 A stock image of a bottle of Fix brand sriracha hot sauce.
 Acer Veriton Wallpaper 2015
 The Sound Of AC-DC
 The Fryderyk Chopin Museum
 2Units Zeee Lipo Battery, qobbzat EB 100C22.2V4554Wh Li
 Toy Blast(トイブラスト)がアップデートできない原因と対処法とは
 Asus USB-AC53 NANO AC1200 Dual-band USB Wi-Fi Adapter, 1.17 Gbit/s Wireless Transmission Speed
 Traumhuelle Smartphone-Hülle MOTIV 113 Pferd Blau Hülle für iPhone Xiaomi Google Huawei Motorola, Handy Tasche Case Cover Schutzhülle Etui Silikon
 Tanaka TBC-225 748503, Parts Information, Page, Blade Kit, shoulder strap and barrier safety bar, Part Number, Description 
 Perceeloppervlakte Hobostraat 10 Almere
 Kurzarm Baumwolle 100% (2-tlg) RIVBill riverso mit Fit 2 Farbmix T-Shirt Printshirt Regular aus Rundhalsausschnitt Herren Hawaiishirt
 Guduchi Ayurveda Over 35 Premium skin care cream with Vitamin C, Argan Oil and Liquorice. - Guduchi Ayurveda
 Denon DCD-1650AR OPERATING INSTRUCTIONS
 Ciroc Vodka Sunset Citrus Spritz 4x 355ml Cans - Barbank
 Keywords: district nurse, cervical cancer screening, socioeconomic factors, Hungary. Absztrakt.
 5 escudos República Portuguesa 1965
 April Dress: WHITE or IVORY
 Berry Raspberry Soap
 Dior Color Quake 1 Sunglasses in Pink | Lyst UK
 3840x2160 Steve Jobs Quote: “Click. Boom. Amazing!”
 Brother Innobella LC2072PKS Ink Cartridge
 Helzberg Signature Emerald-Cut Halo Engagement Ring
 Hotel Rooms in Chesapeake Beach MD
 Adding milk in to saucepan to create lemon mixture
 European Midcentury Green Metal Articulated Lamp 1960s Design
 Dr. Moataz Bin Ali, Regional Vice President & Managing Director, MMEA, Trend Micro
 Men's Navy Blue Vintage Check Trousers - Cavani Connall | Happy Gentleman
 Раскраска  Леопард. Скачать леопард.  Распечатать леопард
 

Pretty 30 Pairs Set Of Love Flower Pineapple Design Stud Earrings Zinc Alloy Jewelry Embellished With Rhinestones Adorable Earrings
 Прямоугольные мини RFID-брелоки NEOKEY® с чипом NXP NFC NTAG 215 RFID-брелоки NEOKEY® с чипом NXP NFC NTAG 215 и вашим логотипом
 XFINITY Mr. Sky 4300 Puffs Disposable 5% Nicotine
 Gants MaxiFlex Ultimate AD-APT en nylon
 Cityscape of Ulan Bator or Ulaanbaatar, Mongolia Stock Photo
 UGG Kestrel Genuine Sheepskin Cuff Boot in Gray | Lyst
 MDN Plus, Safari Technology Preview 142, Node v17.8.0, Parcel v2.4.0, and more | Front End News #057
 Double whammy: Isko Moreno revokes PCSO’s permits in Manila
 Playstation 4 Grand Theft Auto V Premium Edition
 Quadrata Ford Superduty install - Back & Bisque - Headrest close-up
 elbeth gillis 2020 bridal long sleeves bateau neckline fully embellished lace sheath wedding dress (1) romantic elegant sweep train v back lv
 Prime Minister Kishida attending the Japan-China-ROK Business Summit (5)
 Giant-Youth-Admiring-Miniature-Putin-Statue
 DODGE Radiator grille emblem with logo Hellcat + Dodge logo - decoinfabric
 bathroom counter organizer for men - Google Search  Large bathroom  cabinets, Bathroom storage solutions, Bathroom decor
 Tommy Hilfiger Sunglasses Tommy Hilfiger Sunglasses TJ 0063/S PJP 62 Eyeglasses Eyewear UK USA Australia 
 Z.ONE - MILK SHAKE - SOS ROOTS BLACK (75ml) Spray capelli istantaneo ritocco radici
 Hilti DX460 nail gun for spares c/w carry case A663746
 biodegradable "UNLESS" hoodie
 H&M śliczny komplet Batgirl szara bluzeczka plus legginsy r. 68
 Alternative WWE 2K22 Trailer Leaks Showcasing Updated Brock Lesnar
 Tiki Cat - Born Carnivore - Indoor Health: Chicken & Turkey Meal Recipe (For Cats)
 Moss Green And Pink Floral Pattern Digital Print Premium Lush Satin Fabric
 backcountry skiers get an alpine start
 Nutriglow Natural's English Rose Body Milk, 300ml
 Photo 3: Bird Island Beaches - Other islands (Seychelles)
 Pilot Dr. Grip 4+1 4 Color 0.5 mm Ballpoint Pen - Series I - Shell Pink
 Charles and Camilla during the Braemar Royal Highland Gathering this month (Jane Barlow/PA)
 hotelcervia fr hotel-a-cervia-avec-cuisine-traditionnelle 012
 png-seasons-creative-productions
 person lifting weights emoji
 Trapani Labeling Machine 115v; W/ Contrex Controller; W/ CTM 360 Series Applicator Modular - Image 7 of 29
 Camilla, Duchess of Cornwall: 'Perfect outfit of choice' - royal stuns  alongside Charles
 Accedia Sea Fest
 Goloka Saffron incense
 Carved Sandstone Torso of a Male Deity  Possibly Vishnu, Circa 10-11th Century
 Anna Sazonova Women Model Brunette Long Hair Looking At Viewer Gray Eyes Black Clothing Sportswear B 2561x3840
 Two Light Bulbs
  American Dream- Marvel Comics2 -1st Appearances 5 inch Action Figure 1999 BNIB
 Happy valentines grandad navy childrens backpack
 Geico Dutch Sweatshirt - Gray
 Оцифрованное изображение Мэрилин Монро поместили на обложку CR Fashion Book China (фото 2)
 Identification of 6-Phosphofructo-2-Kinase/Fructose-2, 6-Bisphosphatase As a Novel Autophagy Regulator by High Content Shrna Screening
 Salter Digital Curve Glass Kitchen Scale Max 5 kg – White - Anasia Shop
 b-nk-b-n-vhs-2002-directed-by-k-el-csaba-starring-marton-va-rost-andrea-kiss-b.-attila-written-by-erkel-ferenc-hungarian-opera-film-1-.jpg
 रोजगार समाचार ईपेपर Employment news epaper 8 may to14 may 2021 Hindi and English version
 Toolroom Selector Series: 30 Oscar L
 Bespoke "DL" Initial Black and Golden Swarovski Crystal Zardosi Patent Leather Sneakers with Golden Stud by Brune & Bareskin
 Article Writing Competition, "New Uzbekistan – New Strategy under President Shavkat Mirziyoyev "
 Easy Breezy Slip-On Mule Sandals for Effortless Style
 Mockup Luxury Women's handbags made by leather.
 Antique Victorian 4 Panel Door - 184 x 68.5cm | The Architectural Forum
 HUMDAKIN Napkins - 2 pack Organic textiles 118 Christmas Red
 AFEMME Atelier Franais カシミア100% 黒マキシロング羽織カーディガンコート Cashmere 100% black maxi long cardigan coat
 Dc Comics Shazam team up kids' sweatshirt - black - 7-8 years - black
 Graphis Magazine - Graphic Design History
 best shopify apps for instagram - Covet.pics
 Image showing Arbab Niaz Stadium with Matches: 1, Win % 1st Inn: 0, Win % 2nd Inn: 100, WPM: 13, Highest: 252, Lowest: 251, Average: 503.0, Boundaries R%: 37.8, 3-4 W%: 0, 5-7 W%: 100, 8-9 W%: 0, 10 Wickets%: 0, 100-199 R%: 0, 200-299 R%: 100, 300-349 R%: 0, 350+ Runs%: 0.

## Your goal
In the material above, find the line containing "Anna Sazonova Women" and the line containing "Content Shrna Screening", then write out exactly those two lines and every line between them, and nothing more.

## Task response
 Anna Sazonova Women Model Brunette Long Hair Looking At Viewer Gray Eyes Black Clothing Sportswear B 2561x3840
 Two Light Bulbs
  American Dream- Marvel Comics2 -1st Appearances 5 inch Action Figure 1999 BNIB
 Happy valentines grandad navy childrens backpack
 Geico Dutch Sweatshirt - Gray
 Оцифрованное изображение Мэрилин Монро поместили на обложку CR Fashion Book China (фото 2)
 Identification of 6-Phosphofructo-2-Kinase/Fructose-2, 6-Bisphosphatase As a Novel Autophagy Regulator by High Content Shrna Screening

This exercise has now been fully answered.